# Data provided:

--- START ---

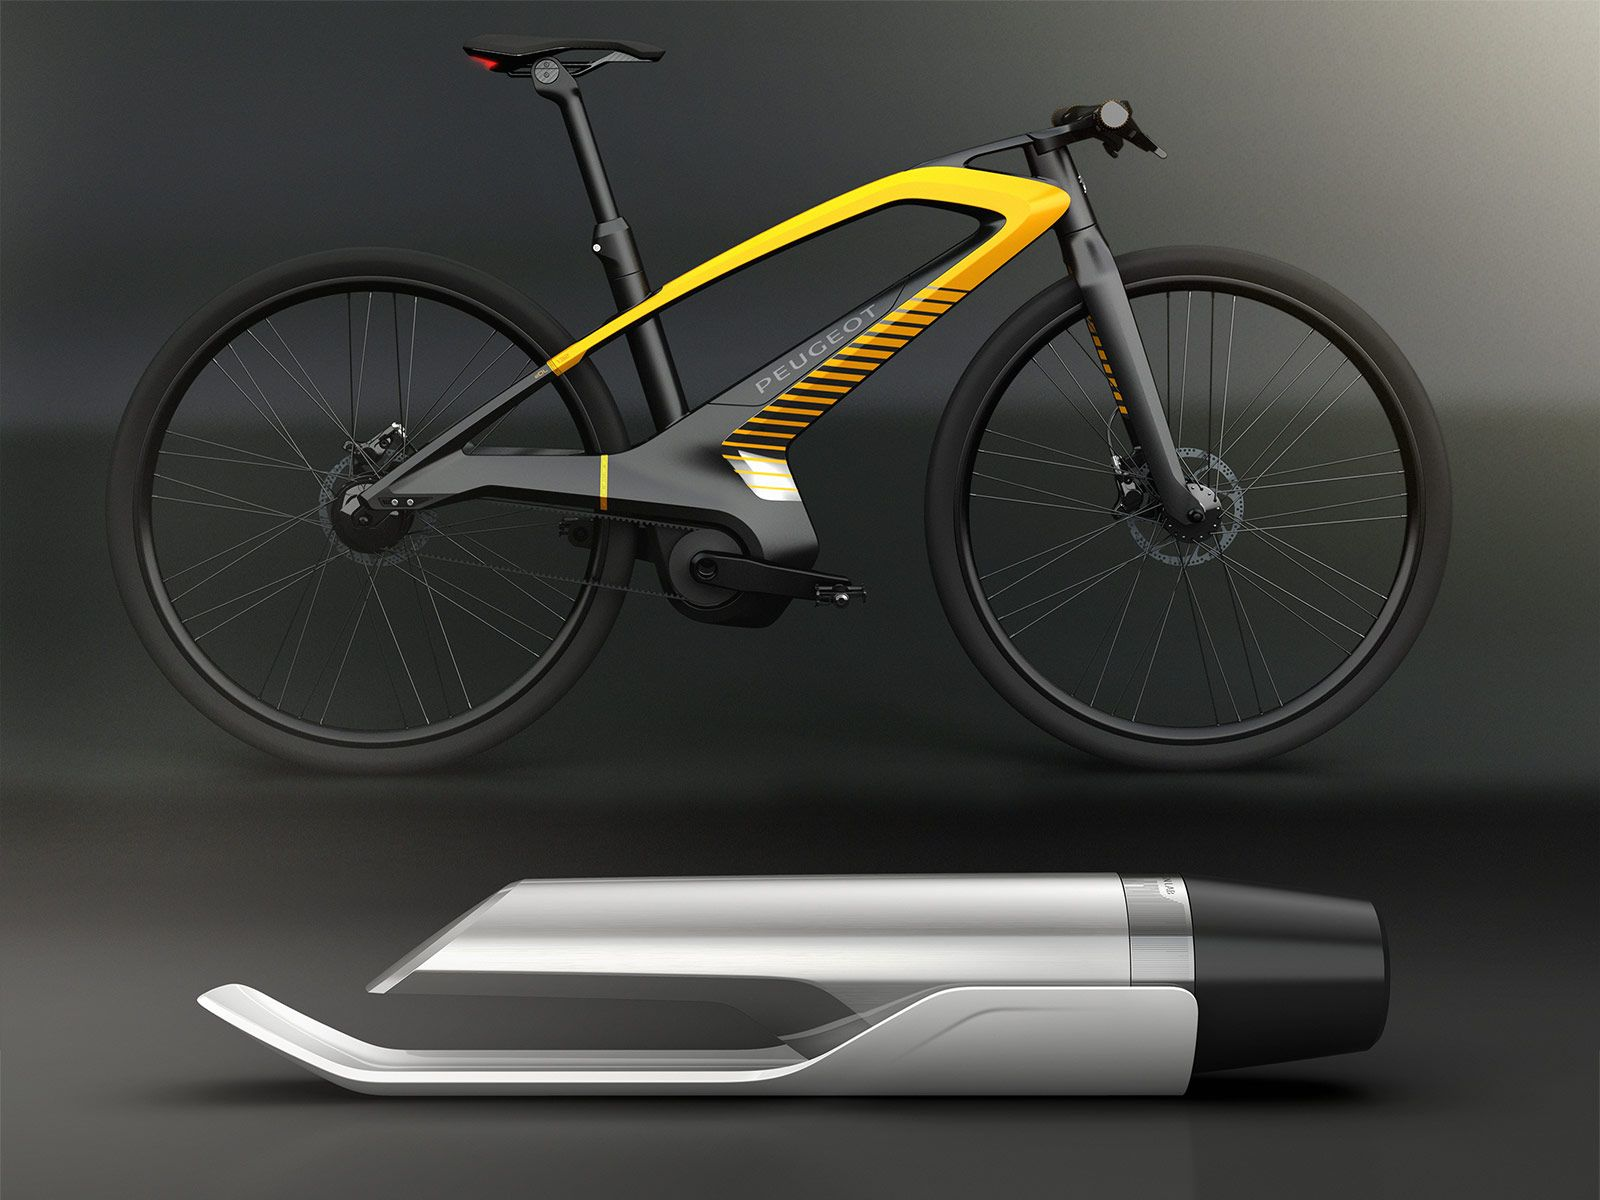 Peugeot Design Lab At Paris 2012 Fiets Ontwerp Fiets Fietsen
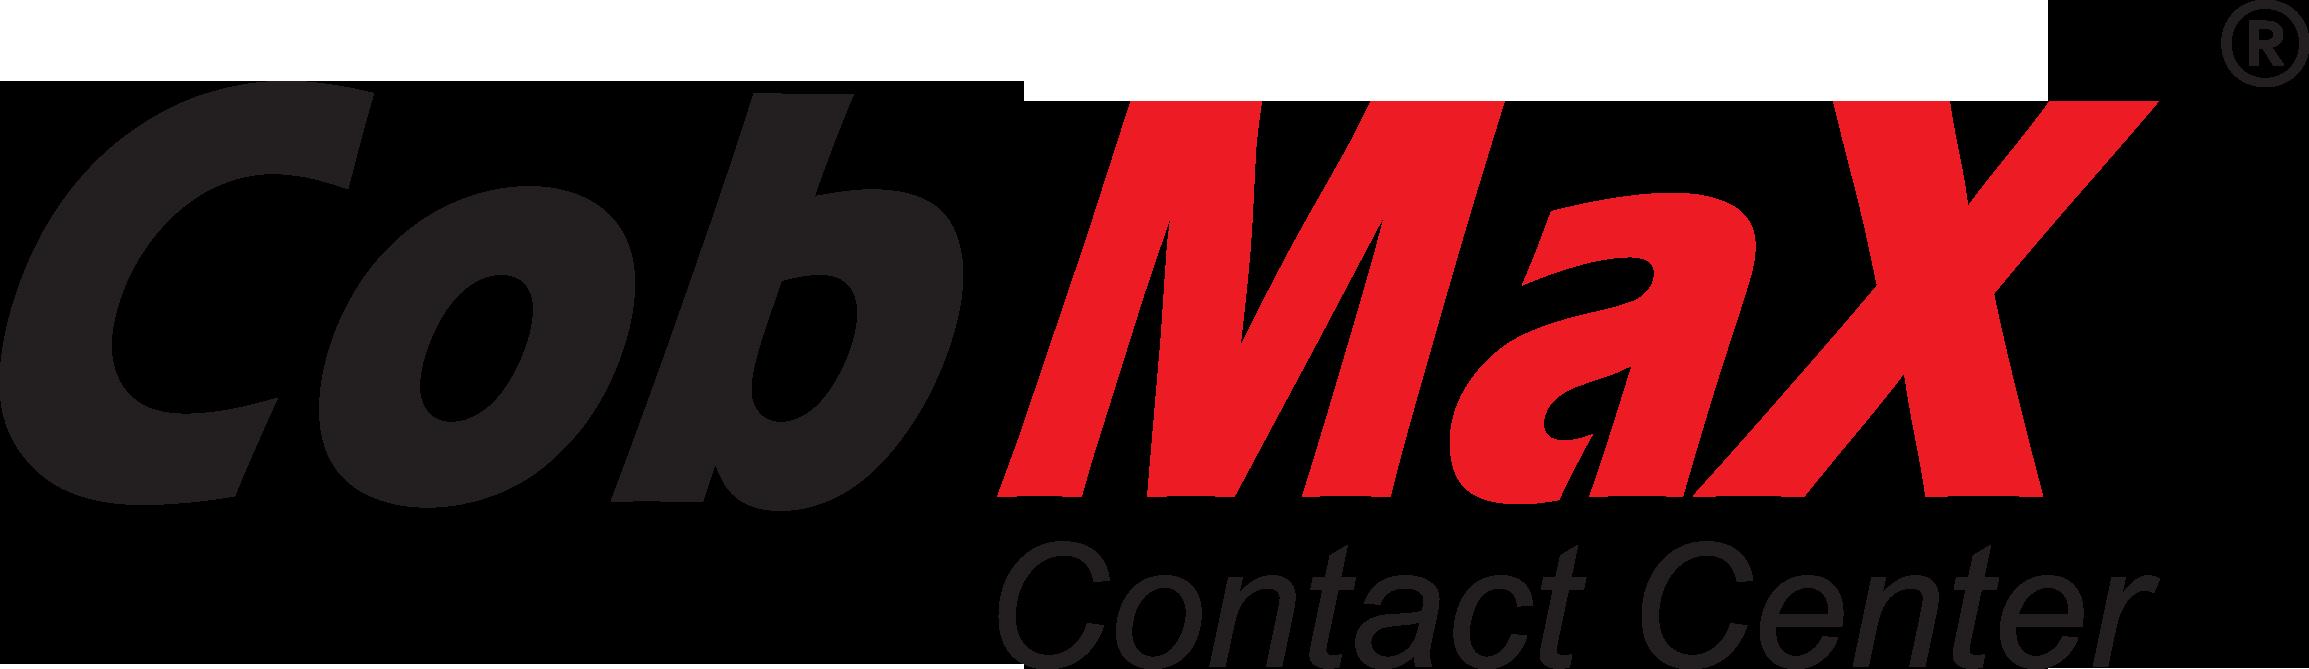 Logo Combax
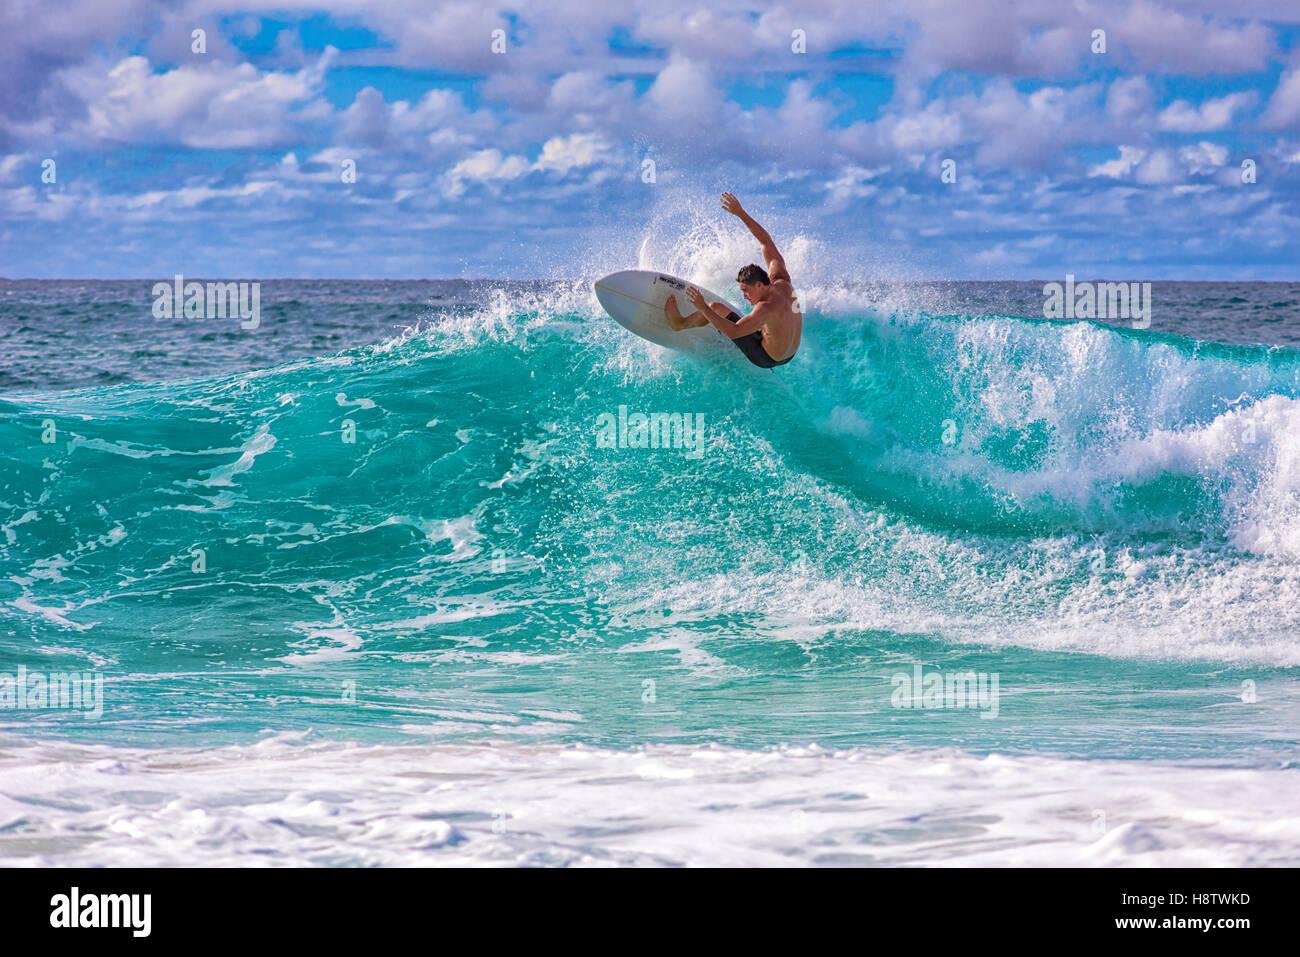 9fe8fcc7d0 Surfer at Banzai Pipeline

--- END ---

# Work order:
The material must be returned exactly, with its pictures omitted.

# Exercise result:
 Peugeot Design Lab At Paris 2012 Fiets Ontwerp Fiets Fietsen
 Logo Combax
 9fe8fcc7d0 Surfer at Banzai Pipeline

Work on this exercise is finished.